→ What the exercise asks:
Ignoring every picture, return the lines of the listing below word for word, from the line that holds "Image of Butterfly" through the line that holds "Naughty Boy attending".

-- Data to process follows --

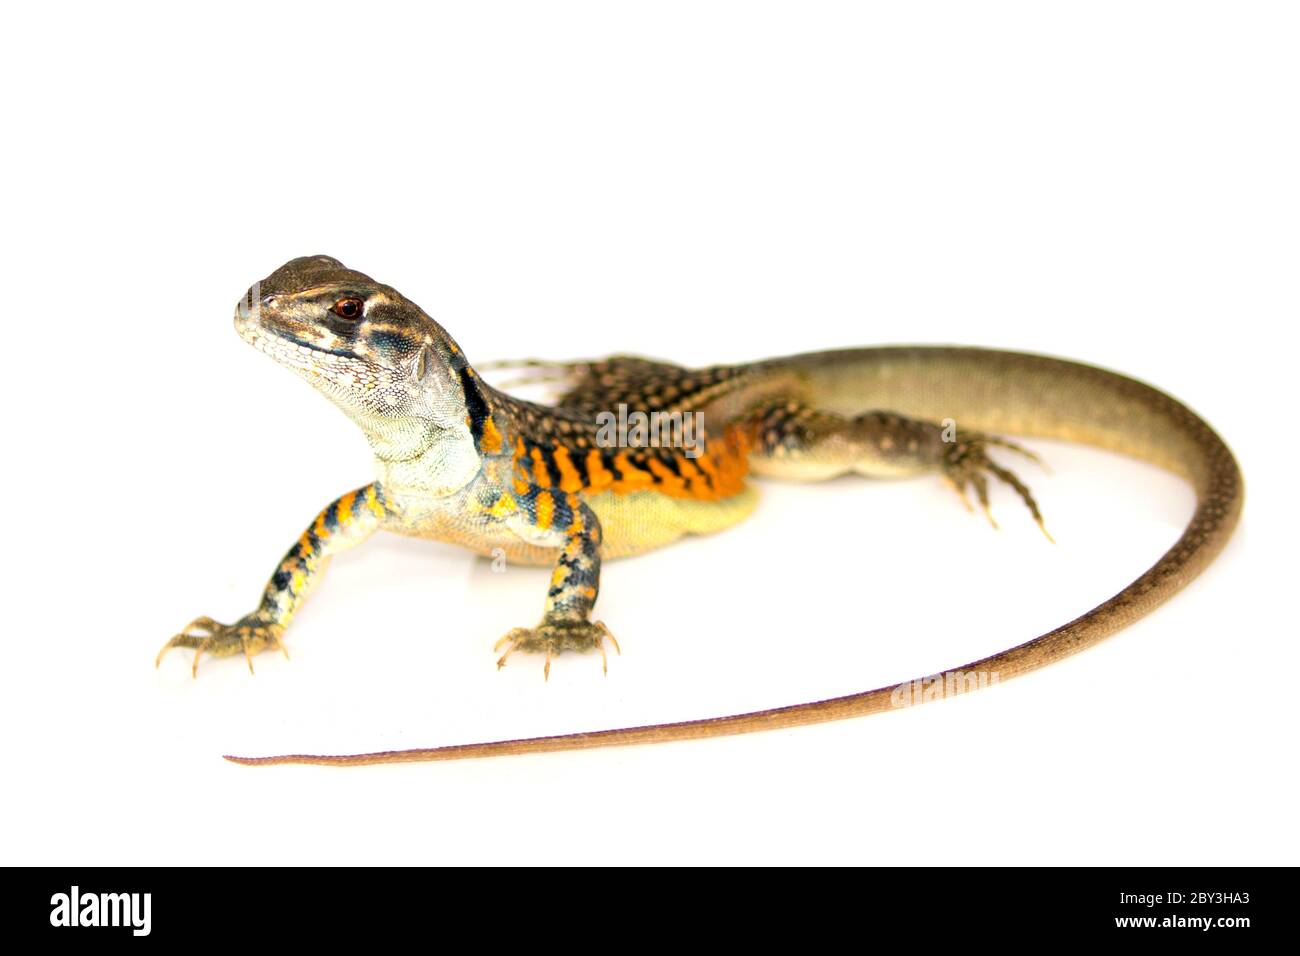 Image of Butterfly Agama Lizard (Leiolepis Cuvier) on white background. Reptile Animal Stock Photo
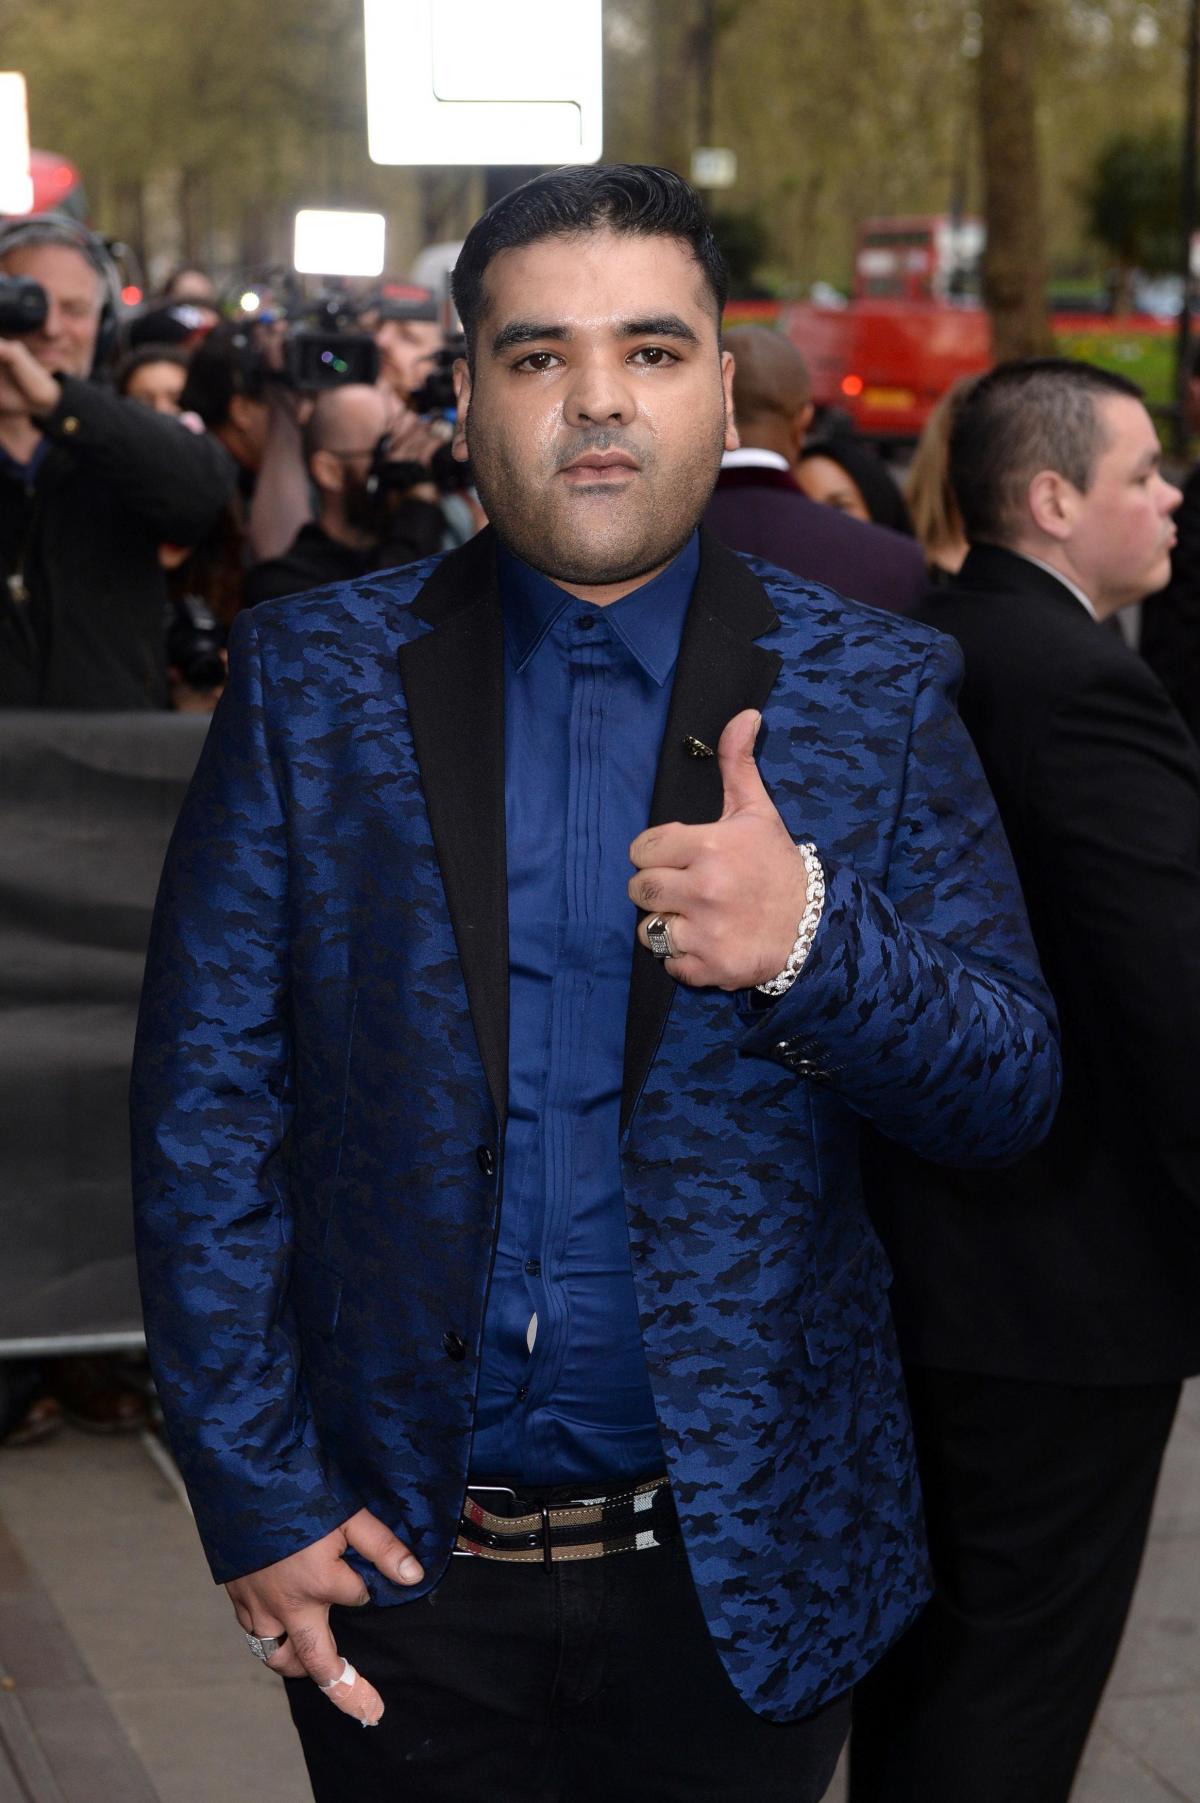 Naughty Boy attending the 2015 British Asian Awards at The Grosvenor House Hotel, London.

-- Data to process concluded --
-- Data to process follows --

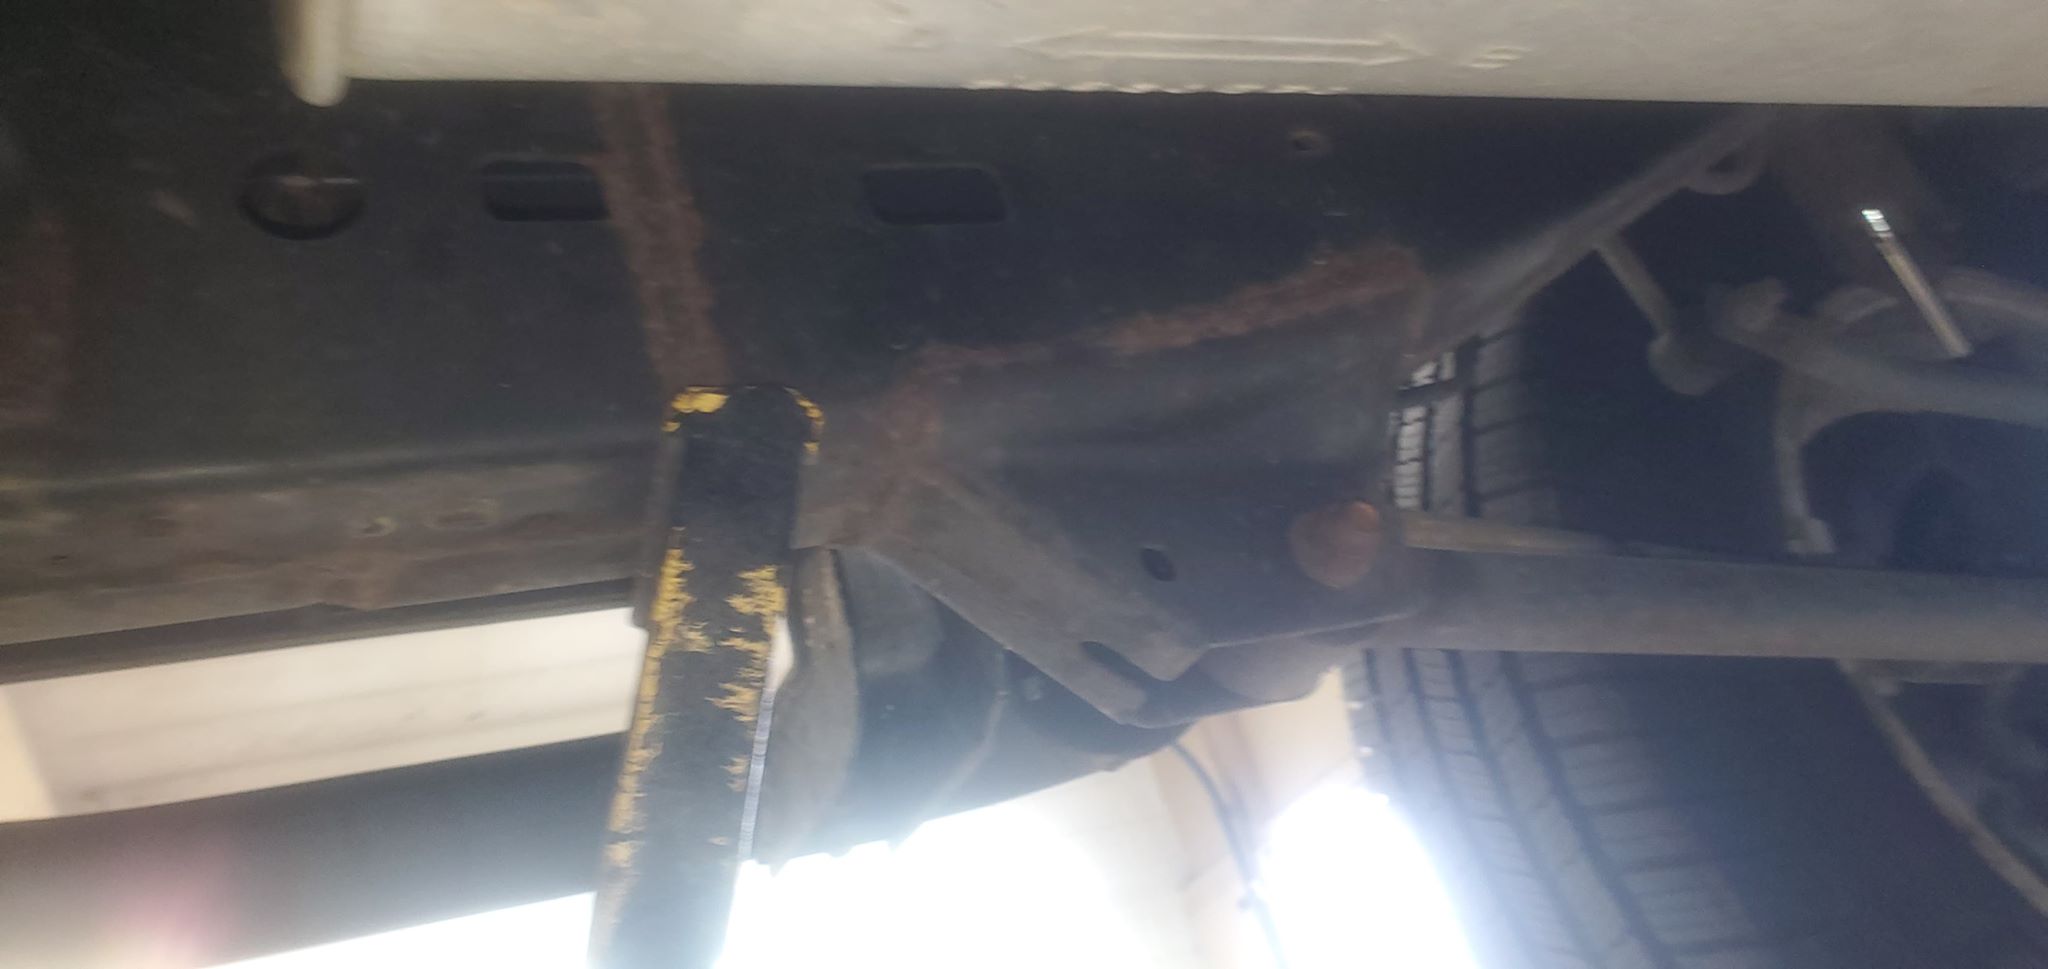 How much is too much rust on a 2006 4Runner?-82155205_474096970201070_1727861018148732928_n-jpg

-- Data to process concluded --

→ Written reply:
 Image of Butterfly Agama Lizard (Leiolepis Cuvier) on white background. Reptile Animal Stock Photo
 Naughty Boy attending the 2015 British Asian Awards at The Grosvenor House Hotel, London.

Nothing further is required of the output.